许靖川与黛玉说‘不快活’,并不是一时的气话。
如今天也暖和,蝇虫却多。衣裳被宫人特特熏过,可皮肉洗涤,虫子才不管宫人贵人,最是洒脱。
那抹不快恰似有虫落在后脖颈,遭了惊吓,手舞足蹈一番惹身边人发笑。抬下手来摸着残尸半簇,却只有自己见得。
再往后,即便不落虫,也仿佛有虫要落。
心时时梗着,梗得久了,自己涨破,留出血来。
血是不落的,活人的眼看不见。飞升到天上,作了火烧云的景,活人见了,又赞叹。
许靖川今日在坤宁宫留得久些,外面的红云点着了他半身,赤金灿黄,好一副龙子皇孙的面相。另一边却仍是他自己的,蟹壳青的衣裳,看得久了,似在身后的影子里抠出一块。
“靖川的衣裳也忒素些。”皇后原本并不满儿媳的家世,可圣旨已下,她又没法子忤逆。

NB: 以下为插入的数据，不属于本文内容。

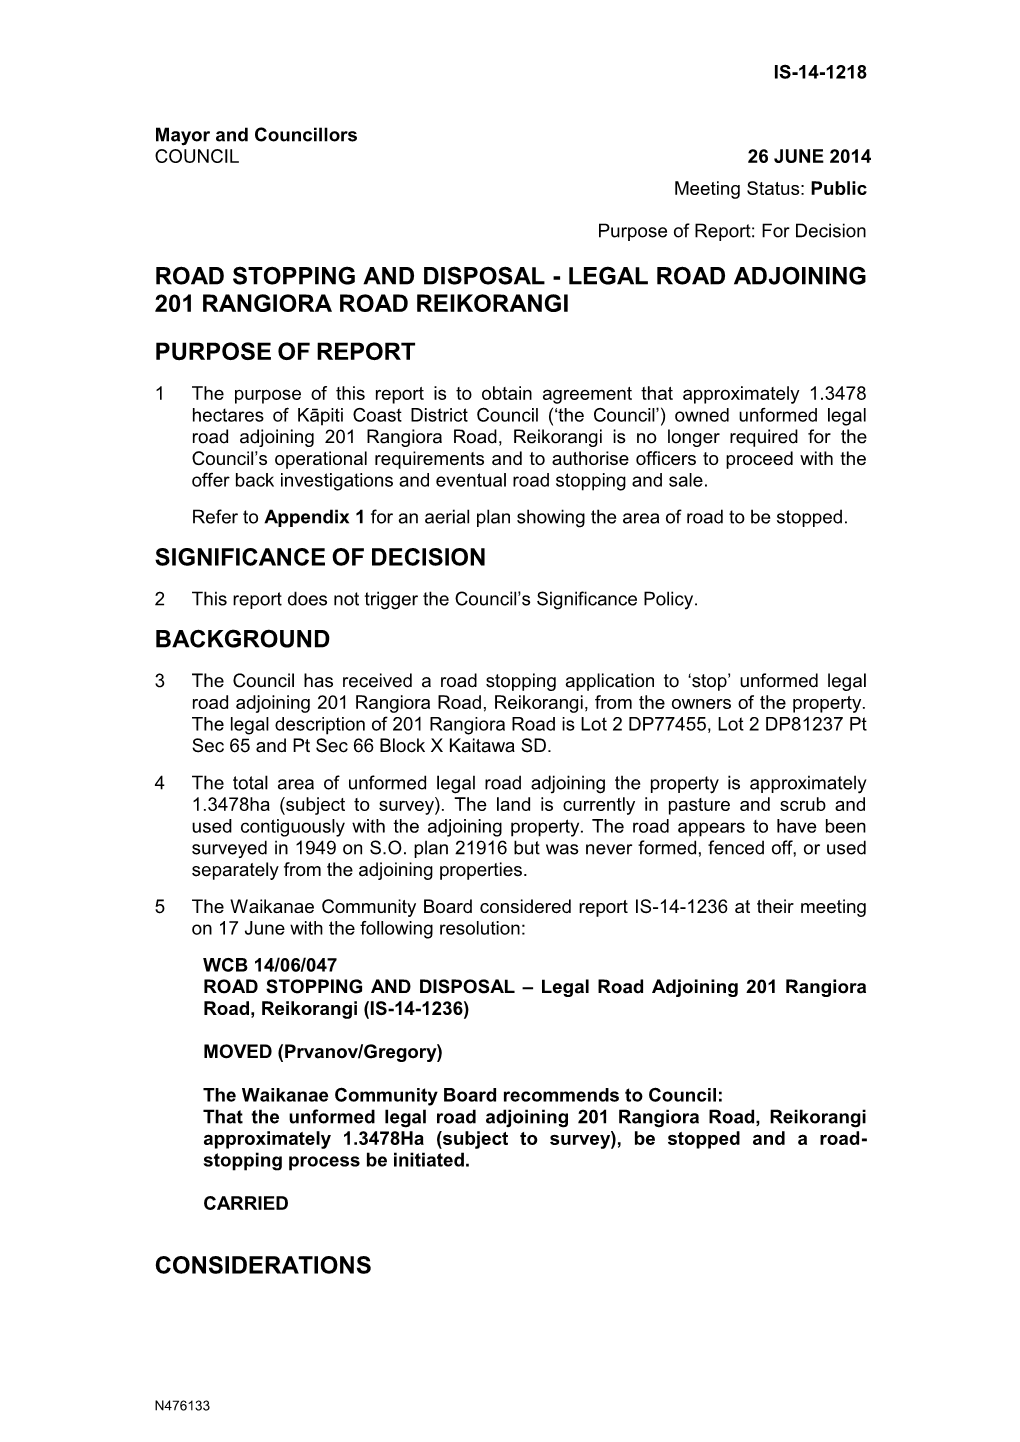 Road Stopping and Disposal - Legal Road Adjoining 201 Rangiora Road Reikorangi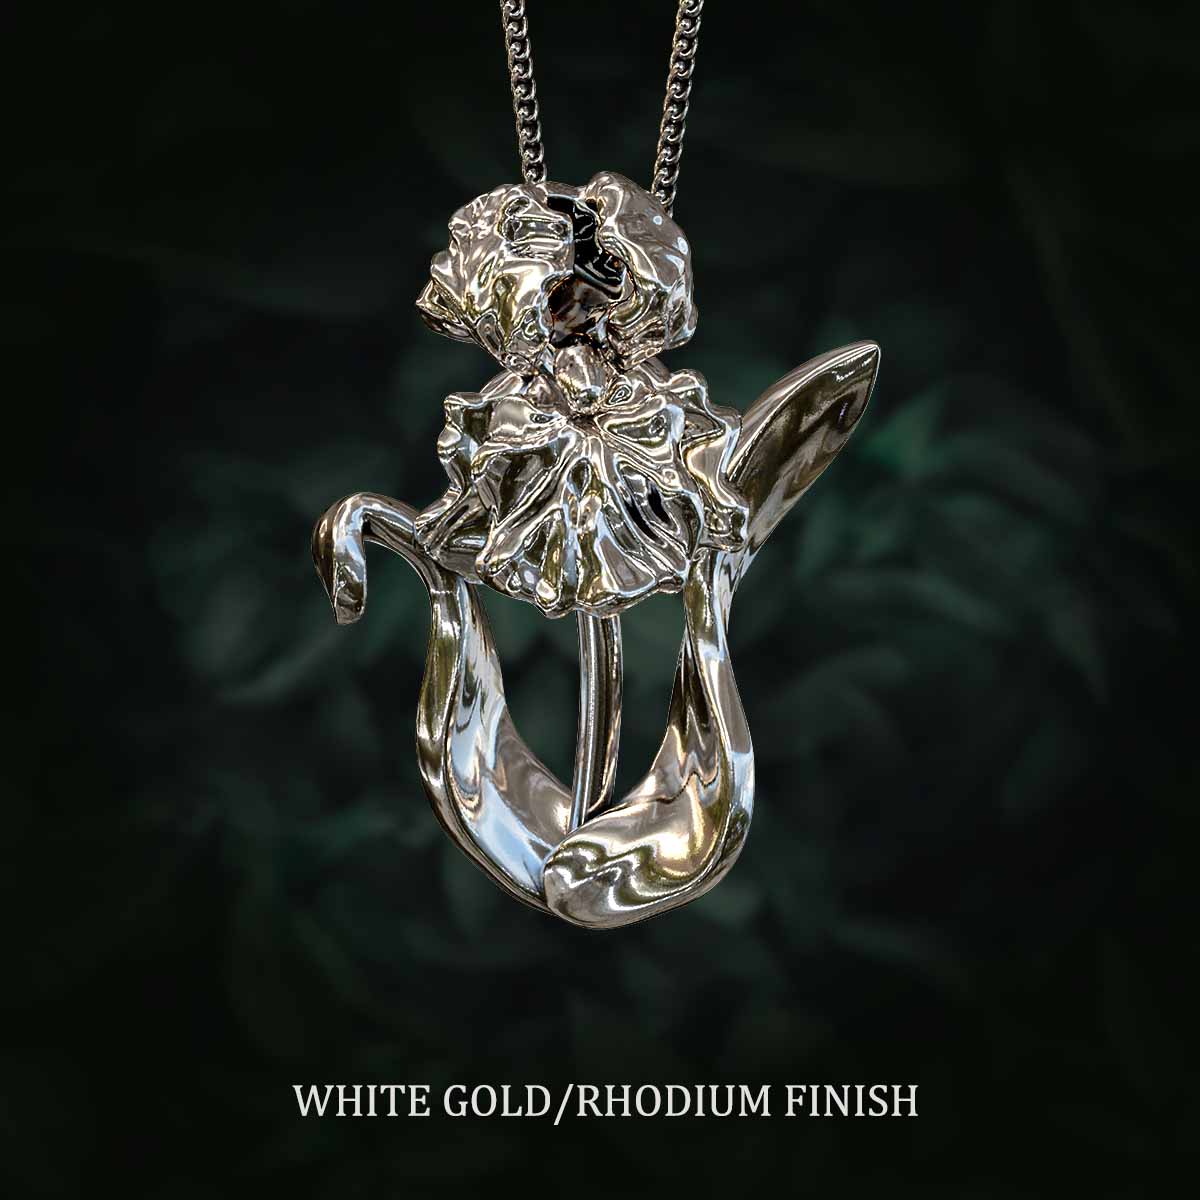     White-Gold-Rhodium-Finish-Iris-Flower-Pendant-Jewelry-For-Necklace

而这会峰回路转,皇上大大提拔了易家男丁,连带易姑娘那跛脚的亲爹都升了官职。于是知道皇上早存了重用易家的心思,又因着皇上将自己心腹人指给太子,更觉儿子简在帝心。
眼中一片金碧辉煌,那一块小色便扎眼睛。这一回许靖川猜中皇上用意,皇后与太子商议过,更觉得他值当栽培。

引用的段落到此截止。